L’une et l’autre revendiquent chacun à leur façon une prise de conscience sur les clichés qui sont véhiculés au quotidien, trop facilement, trop légèrement. « À la base, il n’y a pas une communauté dite “asiatique”, on n’est même pas amené à se connaître en théorie Grace et moi, c’est comme un portugais et un italien. C’est juste qu’on rencontre les mêmes problèmes et qu’on est contraint de se serrer les coudes. Moi je peux plus travailler depuis que j’ai mis un pied dans le militantisme. Je reçois des témoignages à longueur de journée. » Développe Sacha.

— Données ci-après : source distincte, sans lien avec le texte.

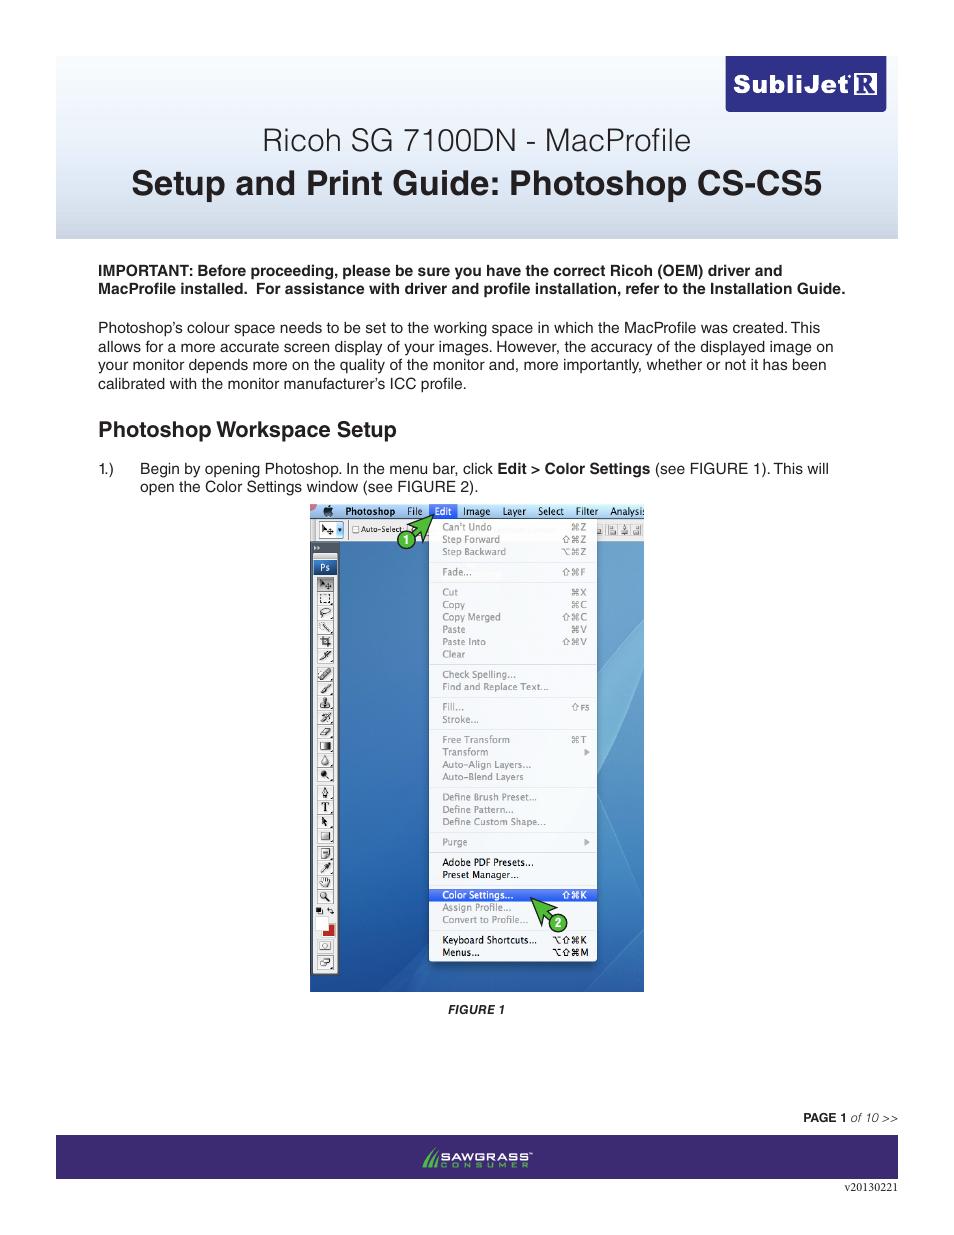 Xpres SubliJet R Ricoh SG7100DN (Mac ICC Profile Setup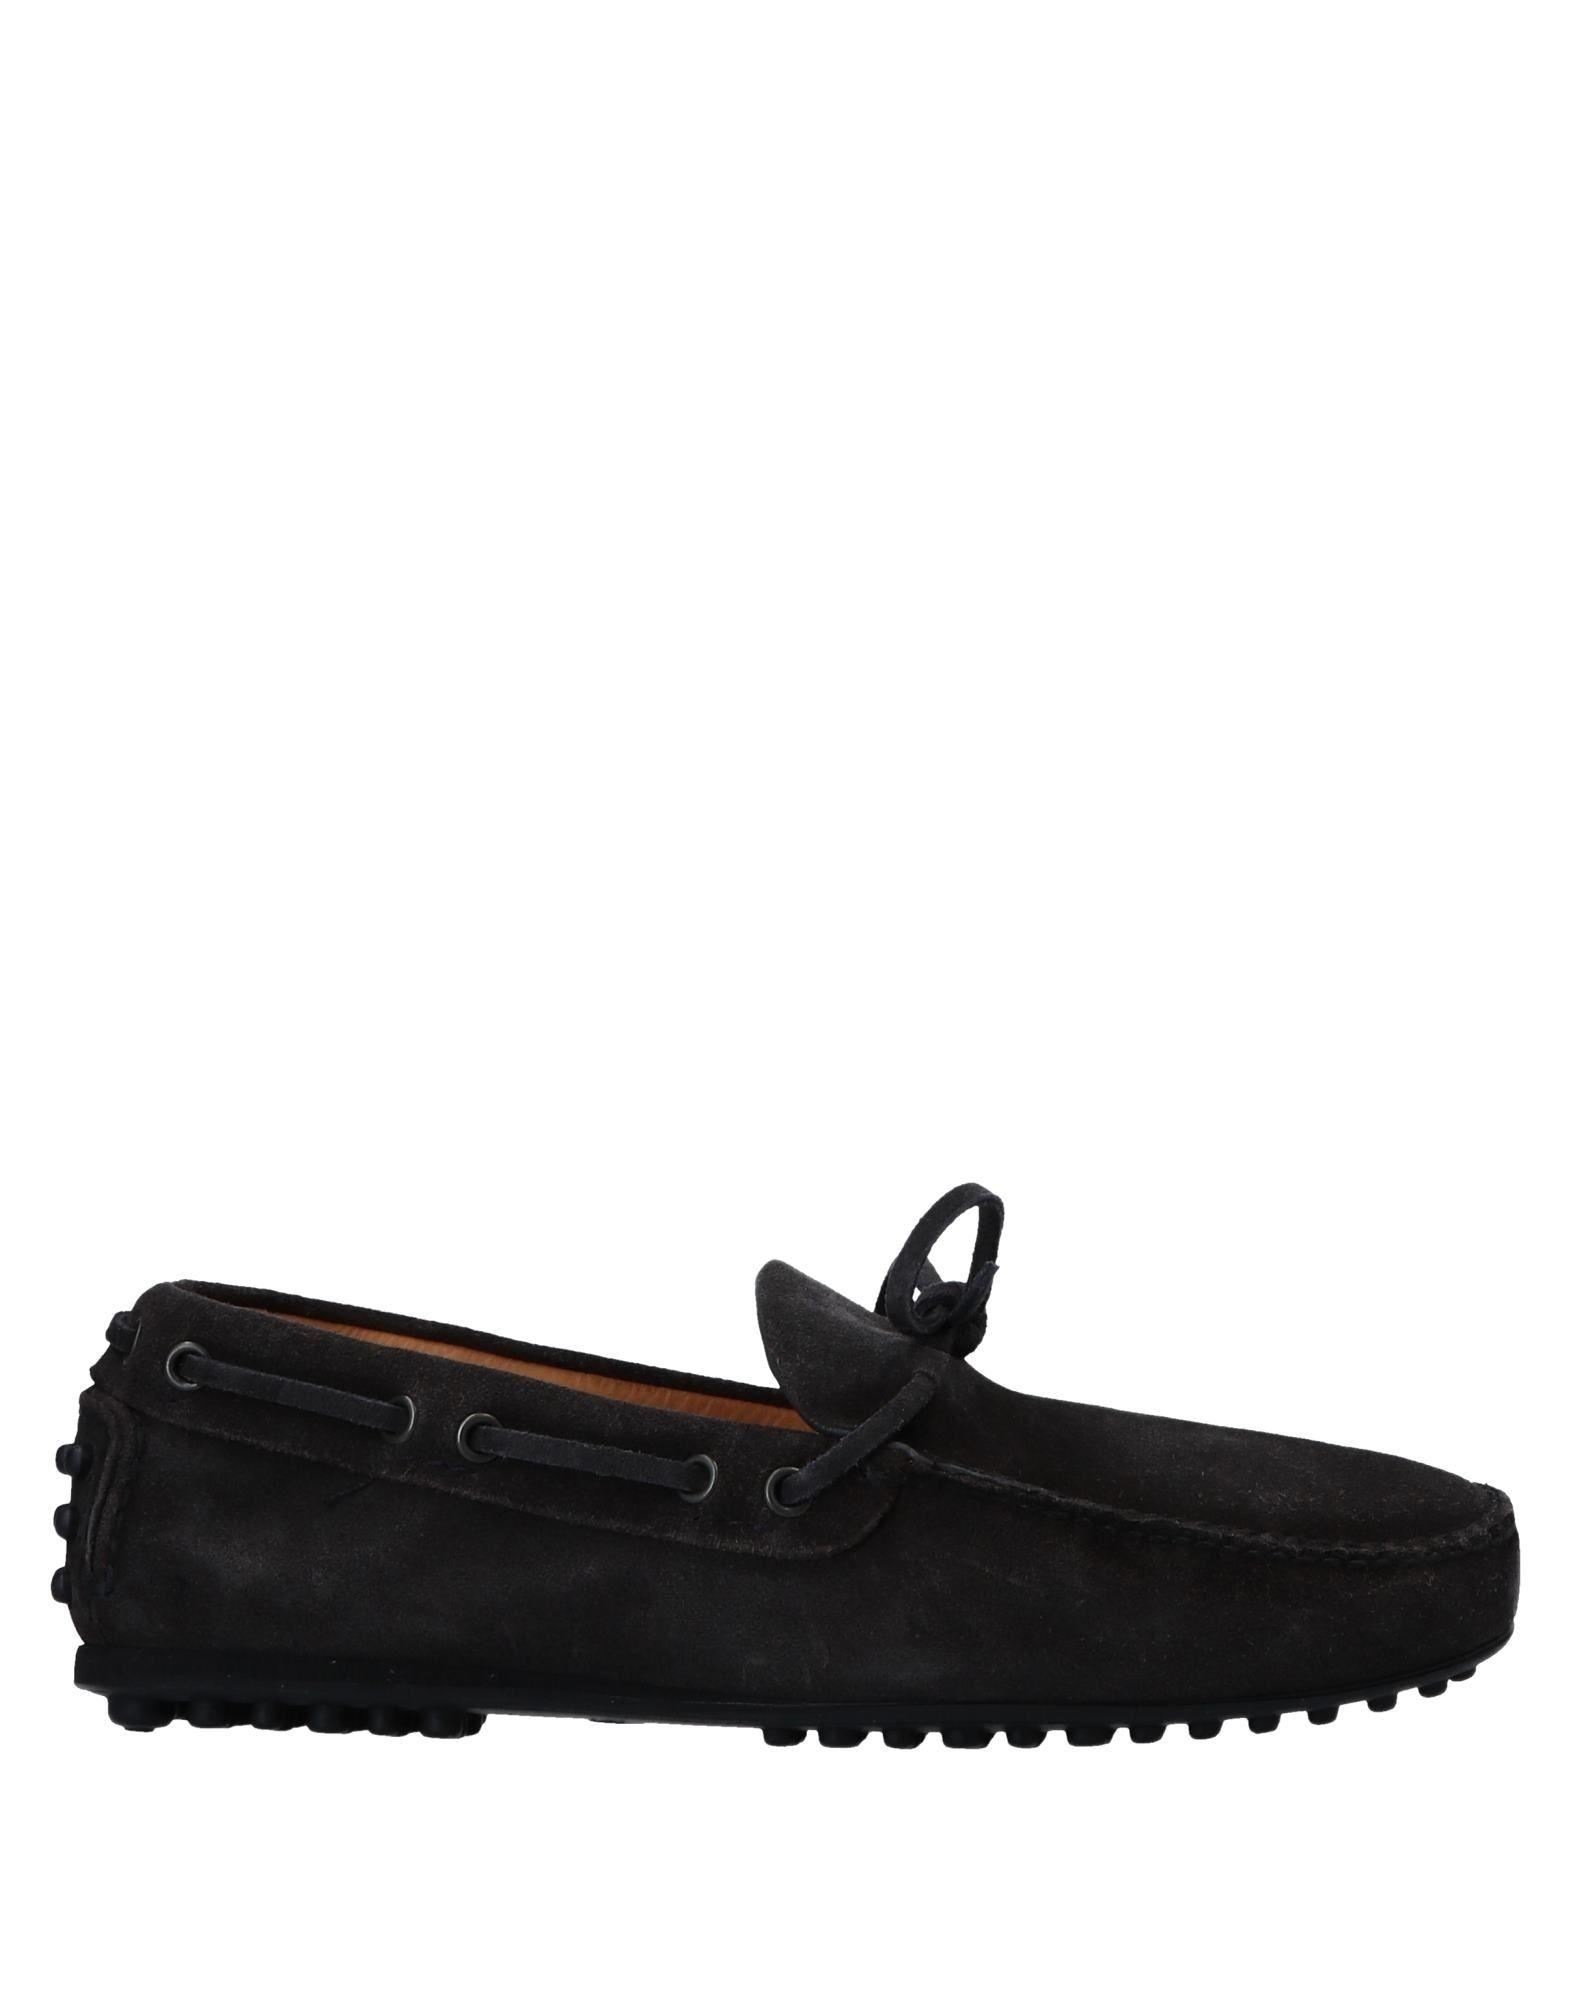 Carshoe Mokassins Herren  11167813FO Gute Qualität beliebte Schuhe

Grace, de son côté, explique que son parcours est à l’image de divers stéréotypes véhiculés sur la communauté asiatique. « Pendant très longtemps, j’ai fait partie de cette minorité invisible. Je n’intéressais personne. Je ne me voyais pas. Je n’avais pas de référence, ni à la télé, ni ailleurs. À part dans les films de Kung Fu évidemment, mais je ne fais pas de Kung Fu. (rires) Puis un jour, on a commencé à me demander “combien ça coûte le massage, les finitions”. Et le pire c’est qu’au début je me satisfaisais de ça, en me disant que c’était mieux que rien. »

Pour Sacha, le déclic c’est « l’image dénigrante renvoyée par les médias ». En 2004, une enquête d’Envoyé Spécial dévoilait des « appartements raviolis » à Paris et banlieues, où des travailleurs clandestins fabriquaient dans des conditions d’hygiène déplorables des raviolis vapeur et d’autres plats cuisinés, à destination des restaurants asiatiques. « Ensuite, il y a eu les agressions ciblant volontairement la communauté asiatique, dont celle de 2016 contre le couturier Zhang Chaolin qui a succombé aux coups qu’il a reçus et dont les agresseurs ont reconnu l’avoir visé pour ses origines. »

Malgré la spécificité du racisme visant les Français d’origine asiatique, Sacha tempère « Communautariser le combat, ça dessert la cause parce que ça renforce son caractère minoritaire. Quand on parle avec d’autres associations qui n’ont rien avoir avec les asiatiques, mais qui sont liées aux discriminations, on se rend compte qu’on est tous au même point. » Un point de vue que Grace confirme, à son échelle. « Pour le premier épisode de “Ça reste entre nous”, sur la femme, on a reçu énormément de soutien de la part de féministes de tous bords. Je voulais faire ce sujet parce que je voulais pallier un manque d’informations et au final on a eu des retours de beaucoup de gens non asiatiques. »

Un discours limpide qui porte un message clair : Grace, Sacha et les autres représentent cette nouvelle génération de citoyens français qui, contrairement à leurs parents, n’ont plus envie de courber l’échine. Au-delà de la reconnaissance envers la terre d’accueil de leurs aïeux, il est temps pour eux de rompre avec l’étiquette de la « minorité exemplaire » qui se tait.